Are $1+ω$ and $ω+1$ isomorphic? In set theory, $1+ω$ is defined as the ordinal number of ordinal sum of sets $\{a\}$ and ℕ. Also $ω+1$ is defined as the ordinal number of ordinal sum of sets $\Bbb N$ and $\{a\}$. You know what the ordinal sum means: the ordinal sum of well-ordered sets $A$ and $B$ is the set $A \cup B$ ordered as you know. We know that the sets $\{a\} \cup ℕ$ and $ℕ \cup \{a\}$ are equipotent and well-ordered. And also we know by a theorem in set theory, any two equipotent well-ordered set are isomorphic (similar). 
Doesn't this argument contradict with the fact that in set theory, the ordinal numbers $1+ω$ and $ω+1$ are not equal to each other? 
Pinter mentioned in his book following theorem and he proved it: "Theorem Let A and B be well-ordered classes; exactly one of the following three cases must be hold: 
i) A is isomorphic with B. 
ii) A is isomorphic with an initial segment of B. 

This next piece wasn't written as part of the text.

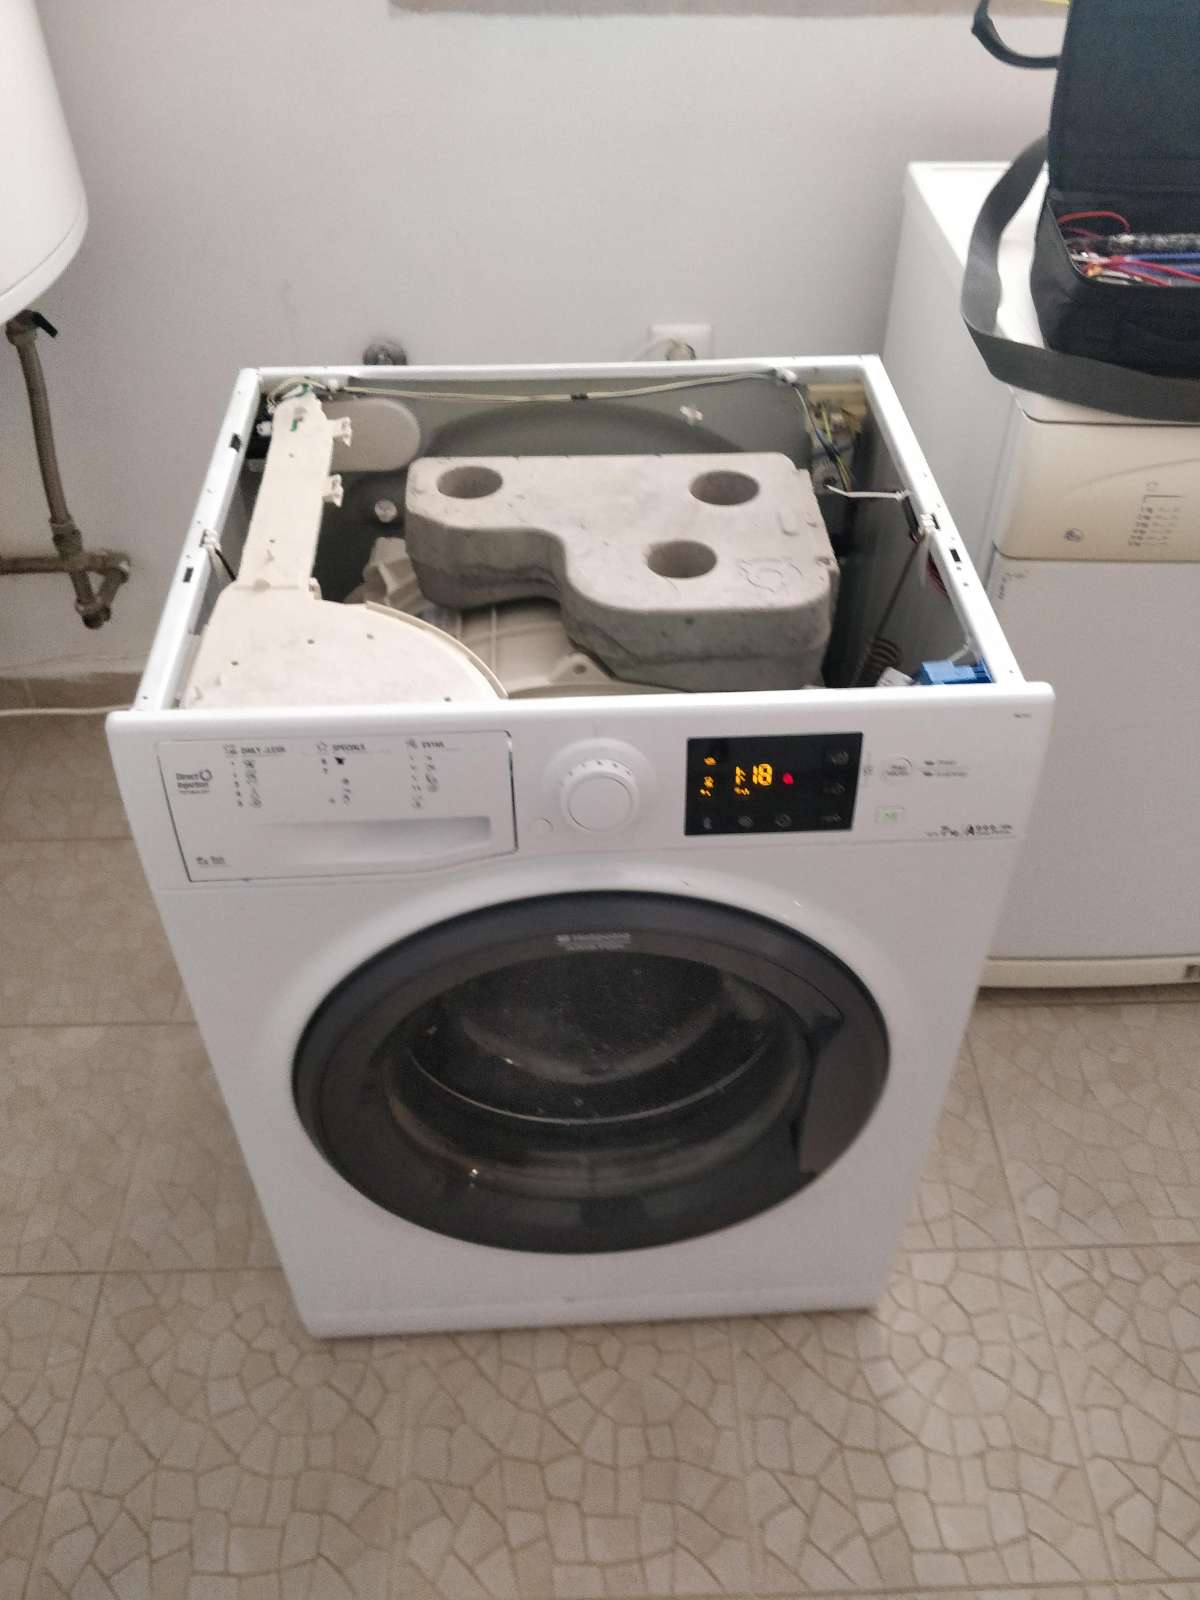 José Sanchez - Sintra - Reparação ou Manutenção de Máquina de Lavar Roupa

iii) B is isomorphic with an initial segment of A.". 
And he concluded " well-ordered classes do not differ from one another except in their size". I remind you the "isomorphism" concept is equivalent to "similar" concept; and it is a one to one correspondence between two sets and order-preserving.

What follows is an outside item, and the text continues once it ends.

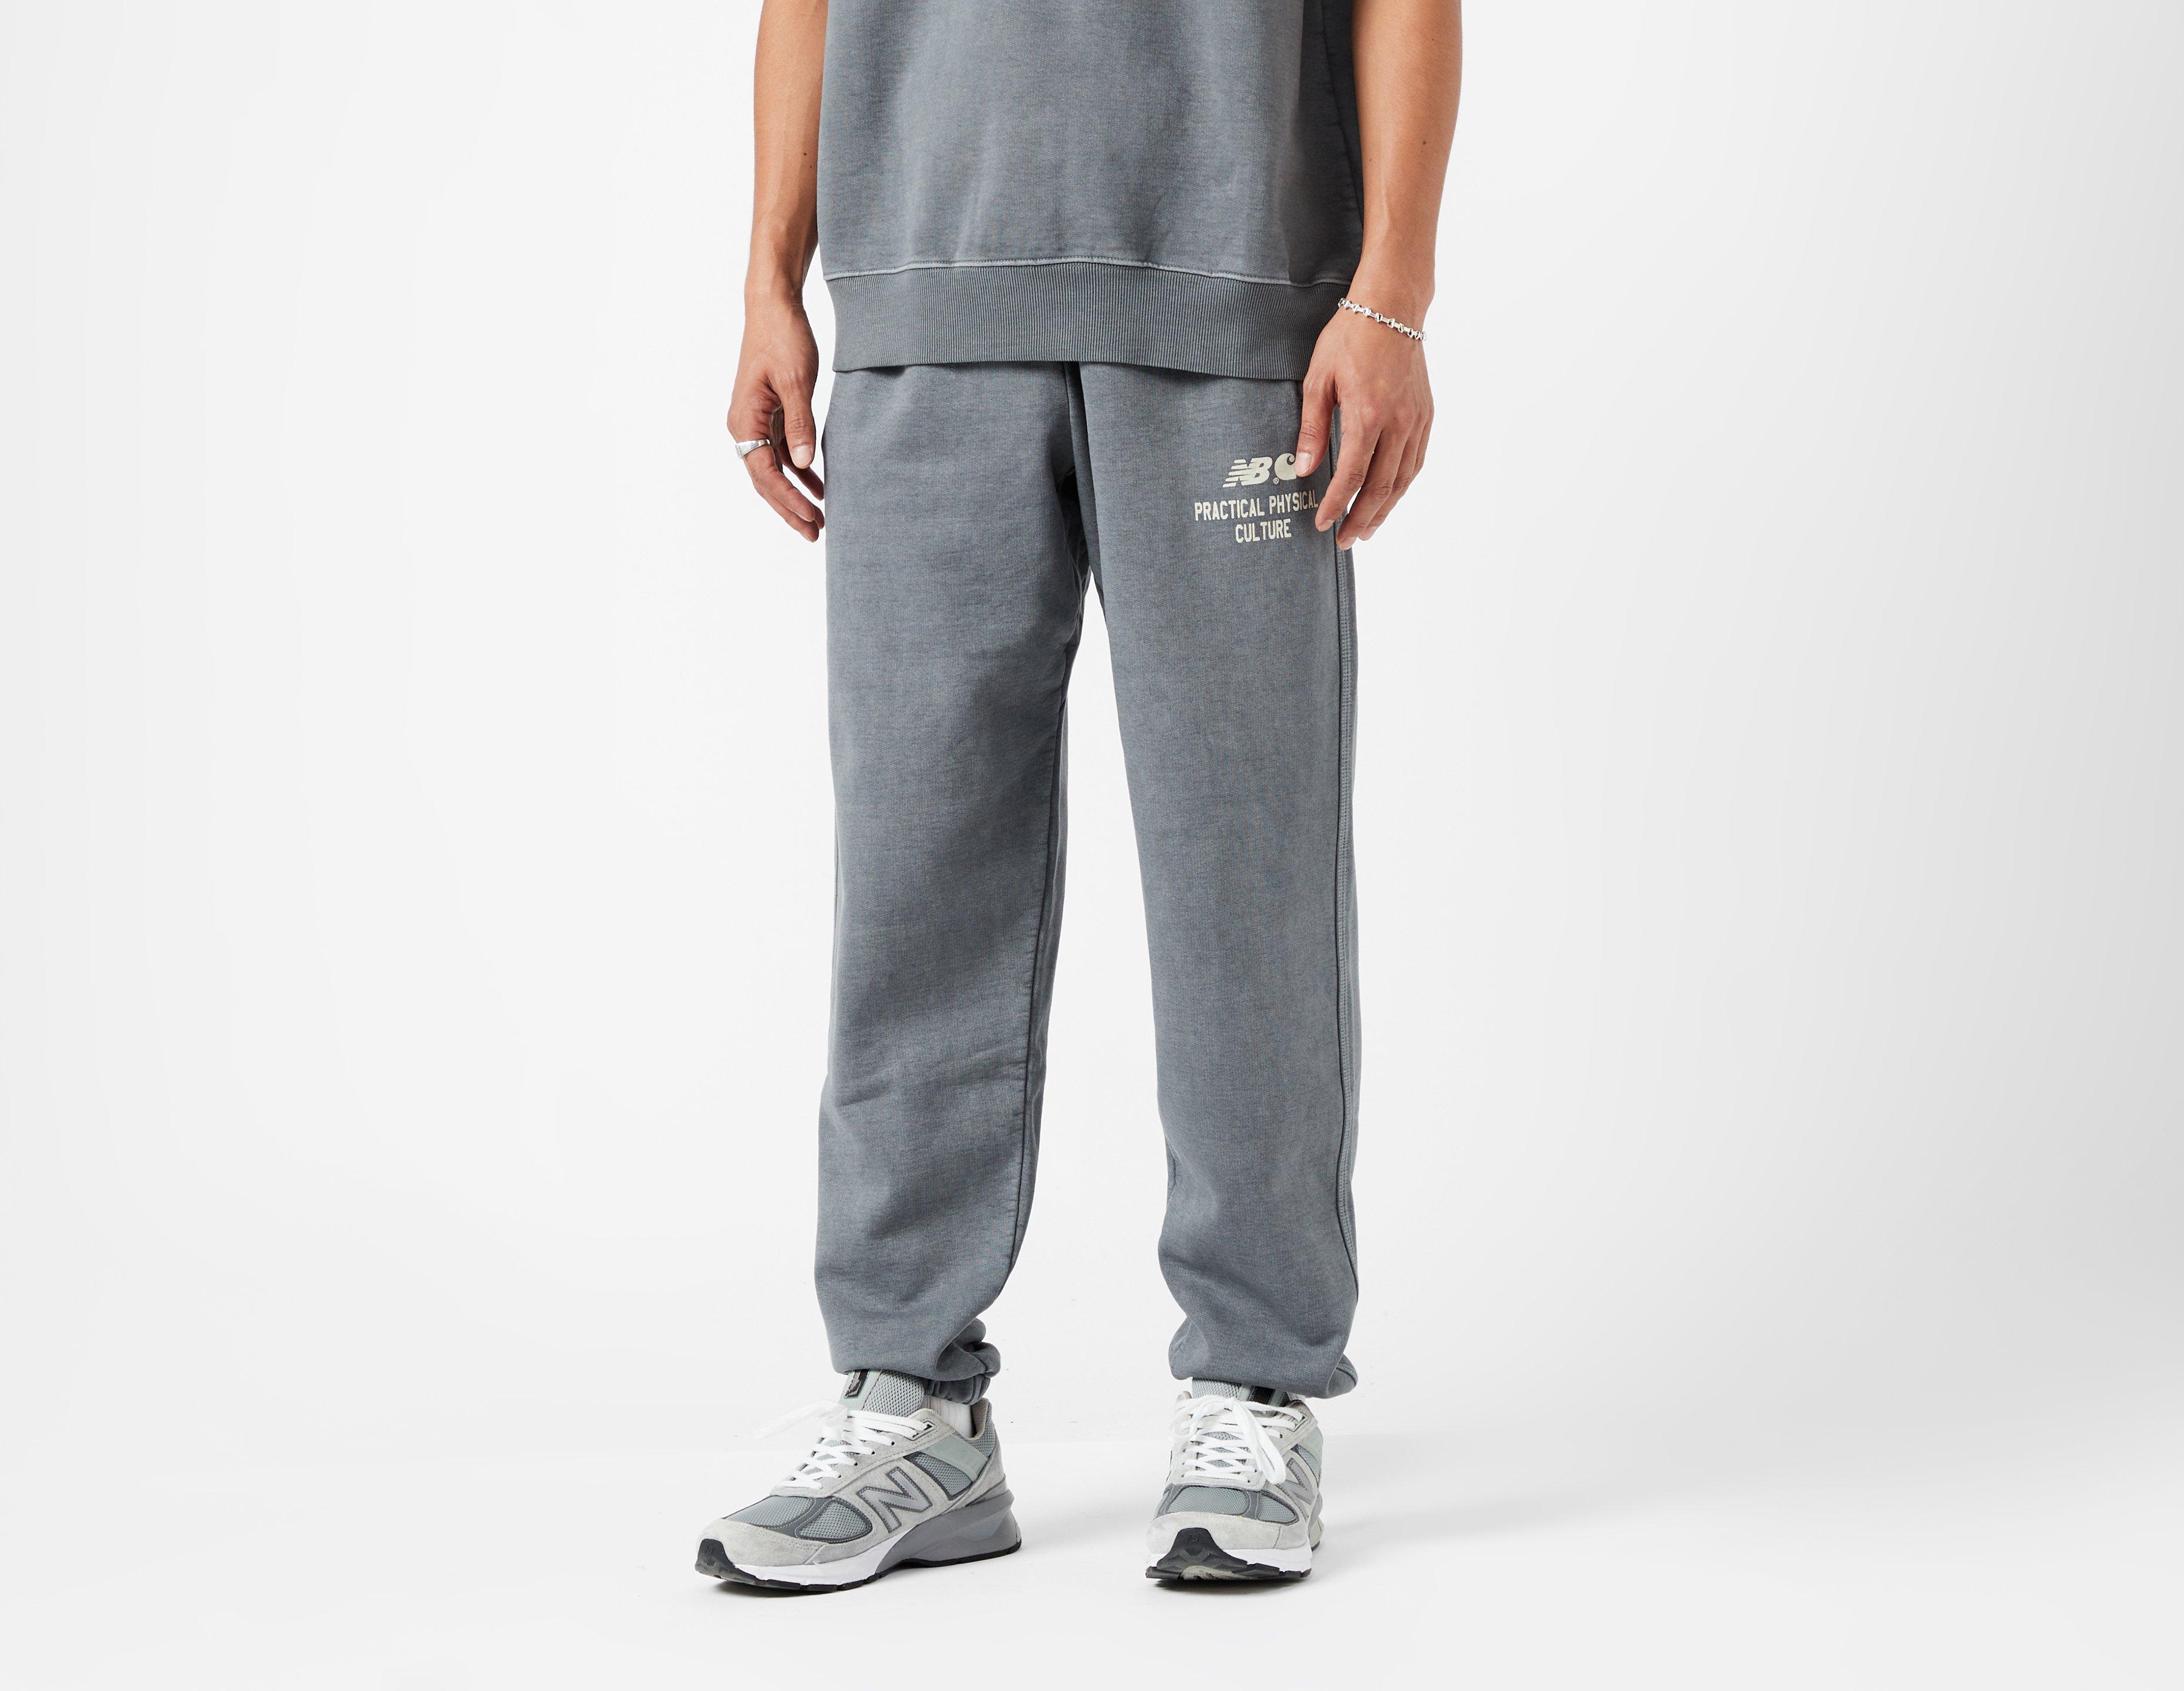 Grey Carhartt WIP x New Balance Sculpture Sweat Pants | zapatillas de running New Balance constitución fuerte talla 32 | Alumix-dz?

 A: The term "isomorphism" means similar structure. But it doesn't specify the structure. The structure needs to be inferred from context, or stated explicitly in the text.
If the context is just sets, then isomorphisms are not required to preserved any structure, in which case $\Bbb N$ and $\Bbb Q$ are isomorphic, since both are countably infinite.

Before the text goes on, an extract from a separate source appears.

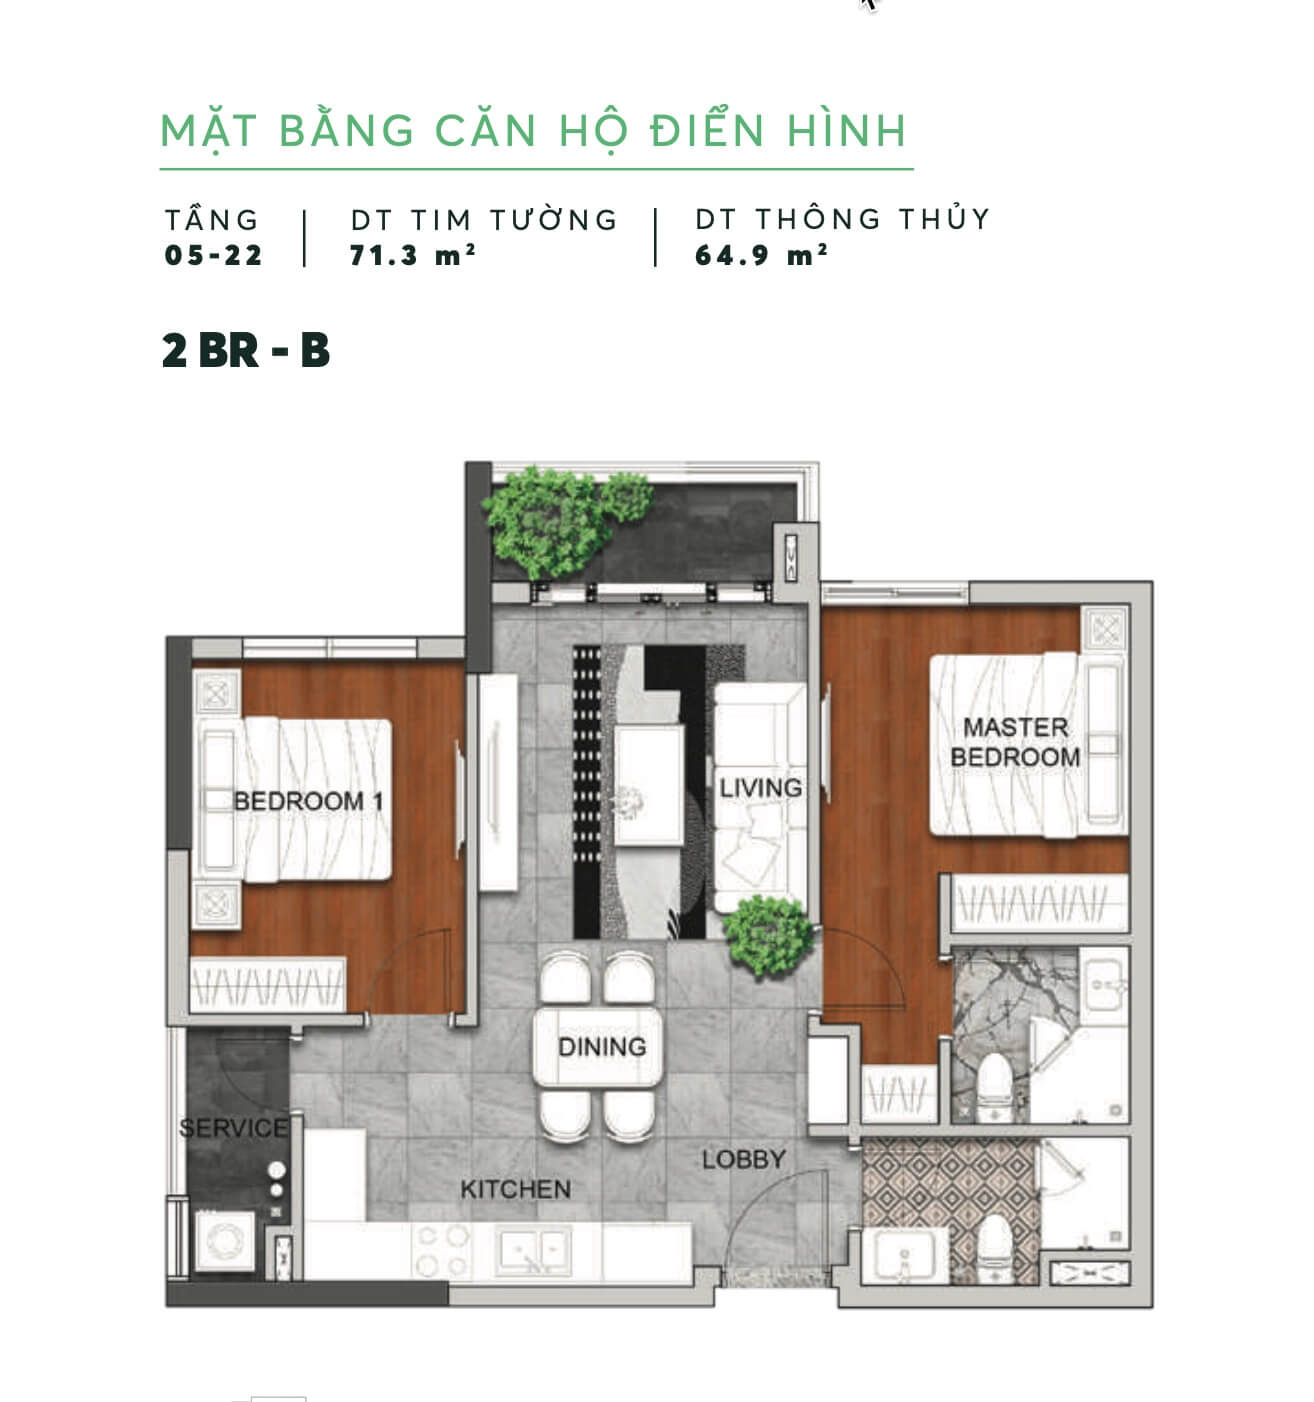 Mat Bang Can Ho Dien Hinh 12

If the context is ordered sets, then the isomorphism must also preserve the order. Not just be a bijection. In this context $\Bbb N$ and $\Bbb Q$ are of course not isomorphic. And also $\omega+1$ and $\omega$ (or $1+\omega$, which is isomorphic to $\omega$ in this context).
To see why two structures are not isomorphic, we can sometimes look at their "inherent properties", things like being a dense set or having a minimum or maximum, are things which must be preserved by isomorphism of ordered sets. So if one ordered set has a maximal element, and another does not then there is no way they are isomorphic.
Now you can easily see that while $1+\omega$ and $\omega+1$ is isomorphic as sets; they are not isomorphic as ordered sets, since $1+\omega$ does not have a maximal element, whereas $\omega+1$ does.

EDIT: 
Note that the theorem Pinter quotes does not require that $1+\omega$ and $\omega+1$ are isomorphic. It is still possible, and that much is in fact true, that $1+\omega$ is isomorphic to a proper initial segment of $\omega+1$.
Moreover, a Cantor-Bernstein "like" theorem for well-ordered sets is in fact true: If $A$ and $B$ are two well-ordered sets such that there are order-embeddings from $A$ into $B$ and from $B$ into $A$, then $A$ and $B$ are isomorphic.
But this doesn't contradict my above answer either. Simply because there is no order-preserving injection from $\omega+1$ into $\omega$.
A: There is no contradiction here. While it's certainly true that $\omega+1$ and $1+\omega$ have the same number of elements, and there's therefore a bijection between their elements, isomorphism of wellorders is more demanding.
Let $(A,\leq_A)$ and $(B,\leq_B)$ be wellorders. They are isomorphic iff there's a bijection $f:A\to B$ between them such that $f(x)\leq_B f(y) \iff x\leq_A y$. Being in bijection and also being a bijection on sets that have wellorders is a necessary condition, but far from a sufficient one, for isomorphism of ordinals; in particular, there is no bijection $f$ between the two ordinal sums you mention that satisfies the condition above.
A: A well-ordering exists on both, but the ordinal orderings on $1+\omega$ and $\omega+1$ are different. The former has no maximal element, the latter has one.
A: $\omega+1$ and $1+\omega=\omega$ have the same cardinality and thus there's a bijection $f$ from $\omega+1$ onto $\omega$.  $\in$ is the canonical well-ordering on $\omega+1$ and so via $f$ you'll get a well-ordering $<_f$ on $\omega$, namely $\alpha <_f \beta$ iff $f^{-1}(\alpha) \in f^{-1}(\beta)$ for $\alpha,\beta\in\omega$.  However, this well-ordering is not the same as the well-ordering $\in$ on $\omega$.  Likewise, you can "project" the well-ordering $\in$ from $\omega$ to $\omega+1$ via $f^{-1}$ but what you'll get will not be $\in$ on $\omega+1$.